= Texas Instruments Power =

Texas Instruments Power, known more popularly by its acronym TIP, is a series of bipolar junction transistors manufactured by Texas Instruments. The series was introduced in the 1960s, and still sees some use today due to their simplicity, their durability, and their ease of use. A Texas Instruments catalog in 1966 lists the TIP04 and TIP14 part numbers.

==Specific models==

===TIP29 and TIP30===
The TIP29 and TIP30 are complementary transistors, used in medium power linear switching applications. The TIP29 is NPN, while the TIP30 is PNP. One of their uses was in general purpose amplifiers.

===TIP31 and TIP32===
A TIP31 an NPN bipolar transistor and TIP32 is the complementary PNP transistor. TIP31 transistors are designated as TIP31A, TIP31B, TIP31 to indicate increasing collector-base and collector-emitter breakdown voltage ratings. The TIP31 is packaged in a TO-220 case. TIP stands for Texas Instruments (Plastic) Power transistor. 31 is an arbitrary identifier.

These ratings are for the Fairchild TIP31 series. Other manufacturers may have other ratings for this part. These are absolute maximum ratings and should not be exceeded.

| Model | V_{cb} | V_{ce} | I_{ce} | Power (T_{c} = 25 °C) |
|---|---|---|---|---|
| TIP31 | 40 | 40 | 3A | 40W |
| TIP31A | 60 | 60 | 3A | 40W |
| TIP31B | 80 | 80 | 3A | 40W |
| TIP31C | 100 | 100 | 3A | 40W |

These characteristics apply to all types of TIP31 transistors (A, B, C). The characteristics are very similar between models, however differences may apply depending on temperature and/or manufacturing process.

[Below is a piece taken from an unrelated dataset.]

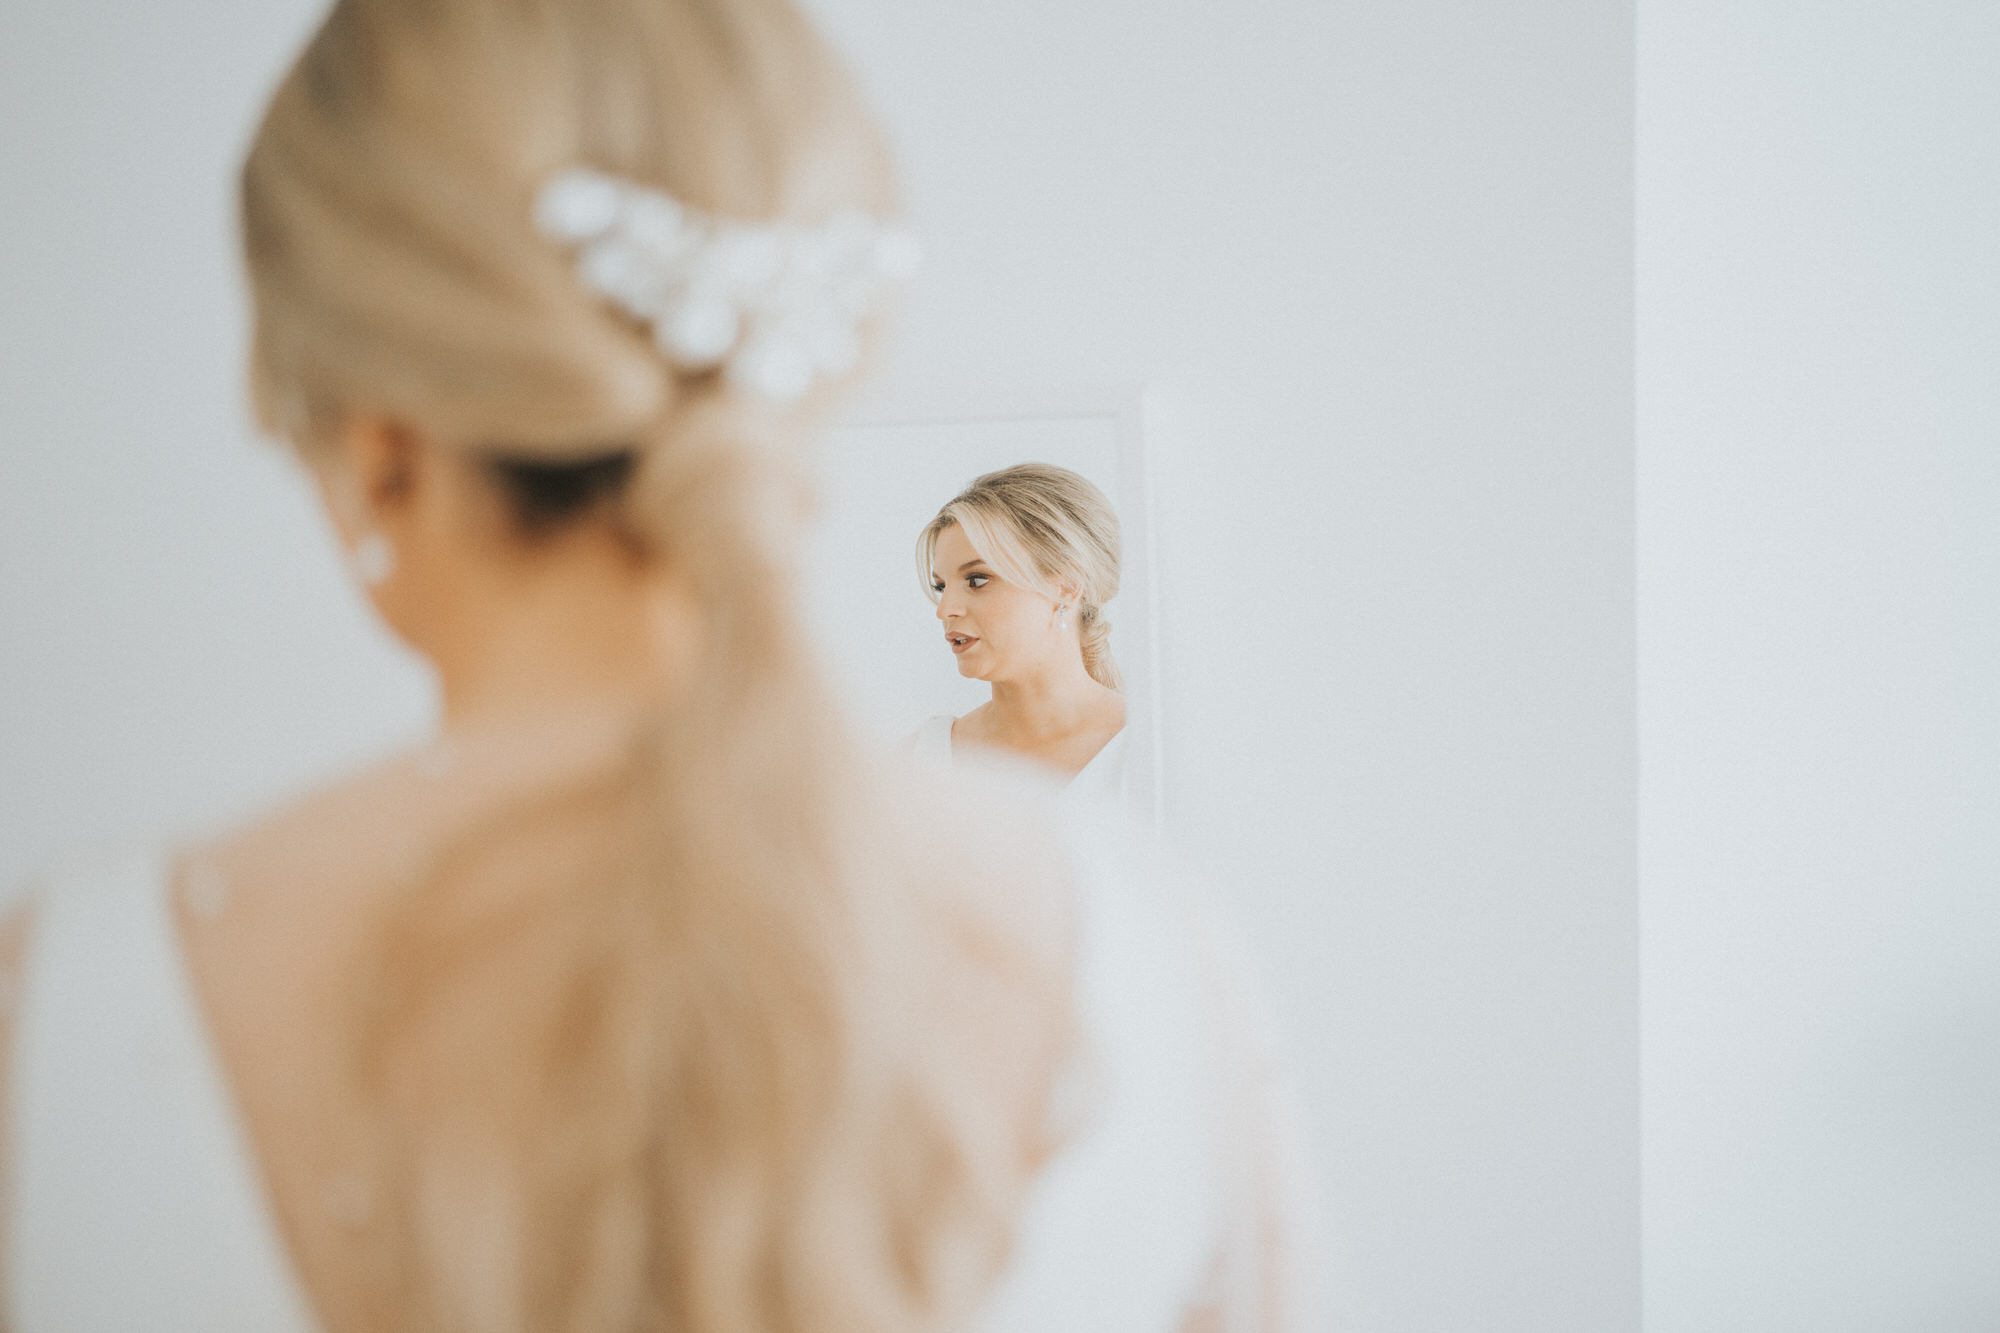 The bride is looking at herself in the mirror
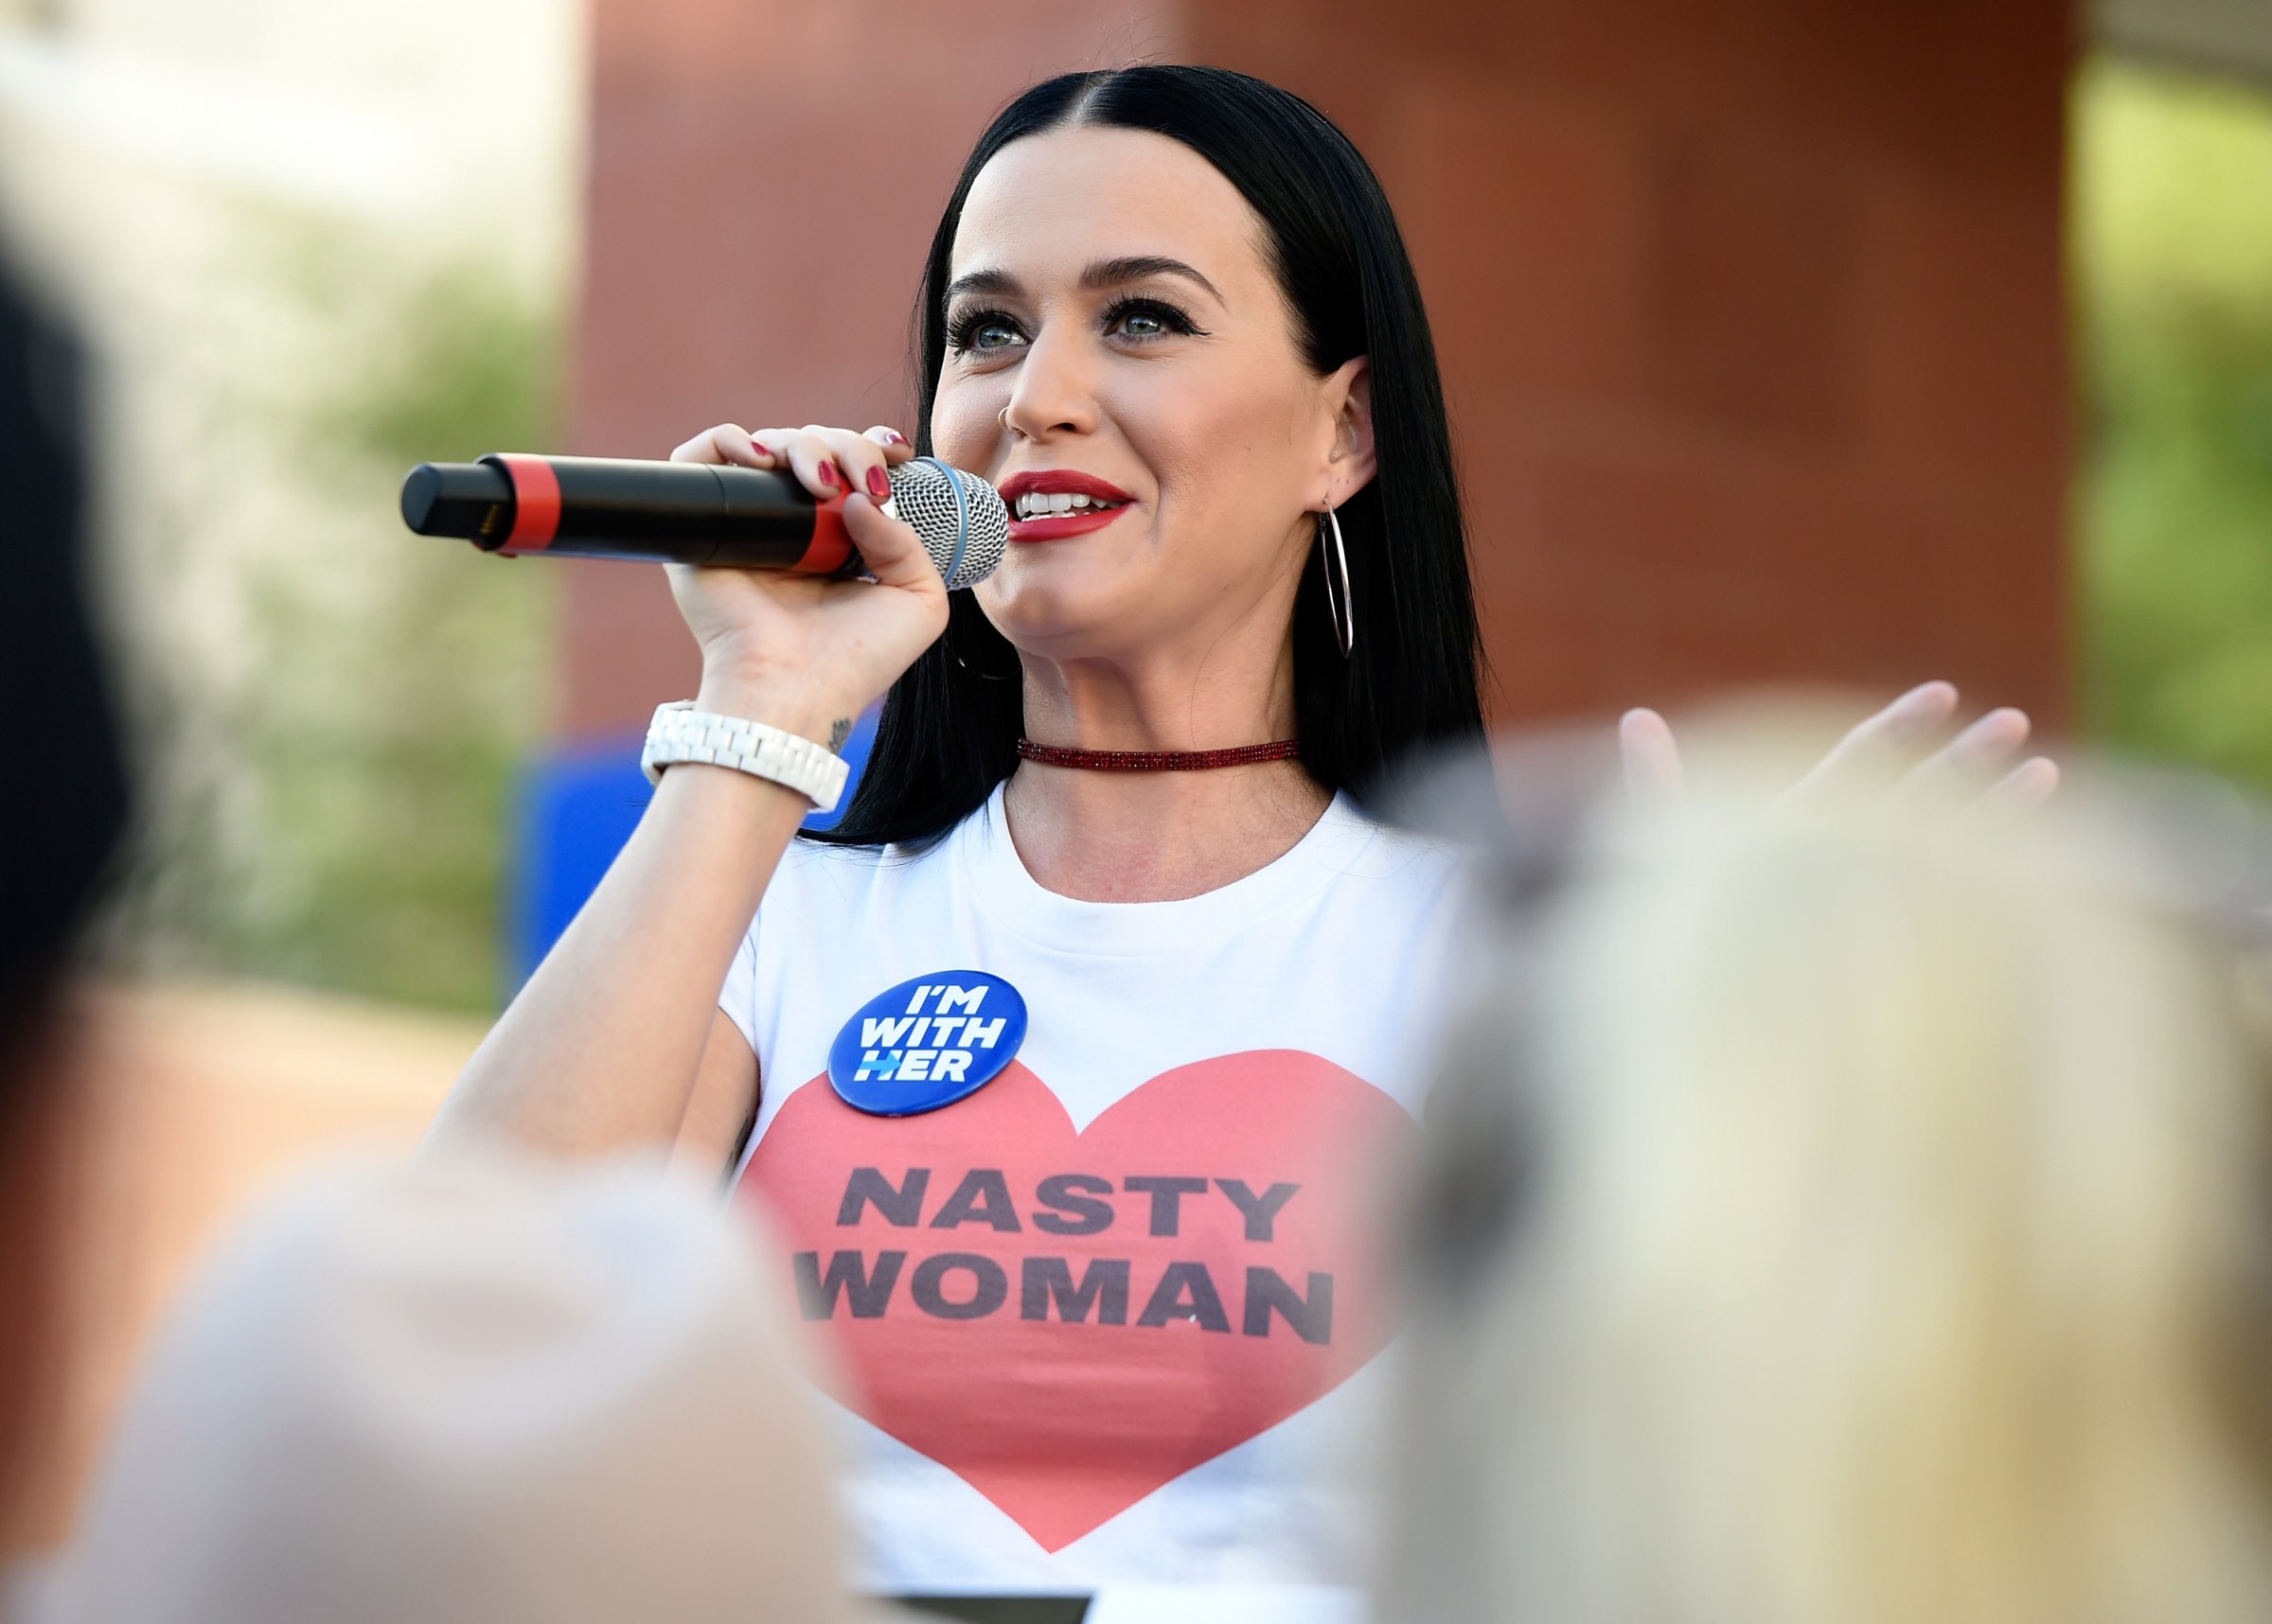 Singer Katy Perry speaks during a get out the early vote rally as she campaigns for Democratic presidential candidate Hillary Clinton at UNLV on October 22, 2016 in Las Vegas, Nevada. Today is the first day for early voting in Nevada ahead of the November 8 general election.

| Parameter | Manufacturer |  |  |  |  |  |  |  |  |  |
|  | Fairchild | Samsung Semi. | Micro Electronics |
| V_{ce} saturation | 1.2V | 1.2V | 1.2V |
| V_{be} saturation | 1.8V | 1.8V | 1.8V |
| Small signal DC current gain (H_{fe}) | 25 | 25 | 20 |
| H_{fe} bandwidth product | 3.0 MHz | 3.0 MHz | 3.0 MHz |

===TIP33 and TIP34===
Complementary silicon transistors for use in high power general purpose amplifier and switching applications. The TIP33 is NPN and the TIP34 is PNP. Both are rated for 10 A continuous collector current.

===TIP35 and TIP36===
The two transistors are complementary silicon transistors, the TIP35 being NPN configured, while the TIP36 is PNP. Both are rated for 25 A continuous collector current.